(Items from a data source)

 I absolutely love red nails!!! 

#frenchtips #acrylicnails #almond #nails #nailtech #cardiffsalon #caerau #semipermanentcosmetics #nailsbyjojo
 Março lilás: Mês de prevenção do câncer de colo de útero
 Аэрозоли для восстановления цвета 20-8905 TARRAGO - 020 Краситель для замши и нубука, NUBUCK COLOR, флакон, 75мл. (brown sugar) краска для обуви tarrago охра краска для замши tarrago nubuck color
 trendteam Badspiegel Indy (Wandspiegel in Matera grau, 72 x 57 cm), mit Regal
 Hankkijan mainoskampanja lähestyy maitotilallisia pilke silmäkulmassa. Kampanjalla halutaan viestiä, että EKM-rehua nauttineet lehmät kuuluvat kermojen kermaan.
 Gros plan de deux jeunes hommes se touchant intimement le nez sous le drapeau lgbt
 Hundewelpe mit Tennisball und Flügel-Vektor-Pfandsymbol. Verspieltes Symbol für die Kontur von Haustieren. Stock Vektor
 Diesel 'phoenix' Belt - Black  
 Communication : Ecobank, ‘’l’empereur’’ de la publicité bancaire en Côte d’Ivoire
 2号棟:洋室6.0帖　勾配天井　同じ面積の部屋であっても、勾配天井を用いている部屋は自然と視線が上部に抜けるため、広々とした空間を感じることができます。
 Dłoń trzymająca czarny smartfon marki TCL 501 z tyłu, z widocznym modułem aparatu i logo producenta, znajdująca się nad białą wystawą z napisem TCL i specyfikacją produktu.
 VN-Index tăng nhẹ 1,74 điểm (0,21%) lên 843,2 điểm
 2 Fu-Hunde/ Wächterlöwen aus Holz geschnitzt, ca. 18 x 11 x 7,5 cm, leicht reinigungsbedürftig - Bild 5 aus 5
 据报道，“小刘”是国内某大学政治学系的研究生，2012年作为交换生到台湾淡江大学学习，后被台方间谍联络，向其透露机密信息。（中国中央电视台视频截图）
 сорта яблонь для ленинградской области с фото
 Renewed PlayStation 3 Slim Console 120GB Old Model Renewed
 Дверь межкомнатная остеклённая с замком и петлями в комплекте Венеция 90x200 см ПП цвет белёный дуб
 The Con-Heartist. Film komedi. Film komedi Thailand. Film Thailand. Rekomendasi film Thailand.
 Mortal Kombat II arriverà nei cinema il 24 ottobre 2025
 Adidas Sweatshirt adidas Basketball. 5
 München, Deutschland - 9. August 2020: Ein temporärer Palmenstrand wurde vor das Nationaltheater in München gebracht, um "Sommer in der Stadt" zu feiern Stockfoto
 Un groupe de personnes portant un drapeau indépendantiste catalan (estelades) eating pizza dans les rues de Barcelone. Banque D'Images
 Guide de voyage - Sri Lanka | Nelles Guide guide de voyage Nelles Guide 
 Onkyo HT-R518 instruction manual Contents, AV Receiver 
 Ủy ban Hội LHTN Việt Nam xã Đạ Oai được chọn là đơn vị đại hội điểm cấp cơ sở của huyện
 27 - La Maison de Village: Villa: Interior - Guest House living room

**PROBLEM REQUIREMENTS:**
Extract the lines above from the one containing "Dłoń trzymająca czarny" to the last line, both included, exactly as written.

**ANSWER SPACE:**
 Dłoń trzymająca czarny smartfon marki TCL 501 z tyłu, z widocznym modułem aparatu i logo producenta, znajdująca się nad białą wystawą z napisem TCL i specyfikacją produktu.
 VN-Index tăng nhẹ 1,74 điểm (0,21%) lên 843,2 điểm
 2 Fu-Hunde/ Wächterlöwen aus Holz geschnitzt, ca. 18 x 11 x 7,5 cm, leicht reinigungsbedürftig - Bild 5 aus 5
 据报道，“小刘”是国内某大学政治学系的研究生，2012年作为交换生到台湾淡江大学学习，后被台方间谍联络，向其透露机密信息。（中国中央电视台视频截图）
 сорта яблонь для ленинградской области с фото
 Renewed PlayStation 3 Slim Console 120GB Old Model Renewed
 Дверь межкомнатная остеклённая с замком и петлями в комплекте Венеция 90x200 см ПП цвет белёный дуб
 The Con-Heartist. Film komedi. Film komedi Thailand. Film Thailand. Rekomendasi film Thailand.
 Mortal Kombat II arriverà nei cinema il 24 ottobre 2025
 Adidas Sweatshirt adidas Basketball. 5
 München, Deutschland - 9. August 2020: Ein temporärer Palmenstrand wurde vor das Nationaltheater in München gebracht, um "Sommer in der Stadt" zu feiern Stockfoto
 Un groupe de personnes portant un drapeau indépendantiste catalan (estelades) eating pizza dans les rues de Barcelone. Banque D'Images
 Guide de voyage - Sri Lanka | Nelles Guide guide de voyage Nelles Guide 
 Onkyo HT-R518 instruction manual Contents, AV Receiver 
 Ủy ban Hội LHTN Việt Nam xã Đạ Oai được chọn là đơn vị đại hội điểm cấp cơ sở của huyện
 27 - La Maison de Village: Villa: Interior - Guest House living room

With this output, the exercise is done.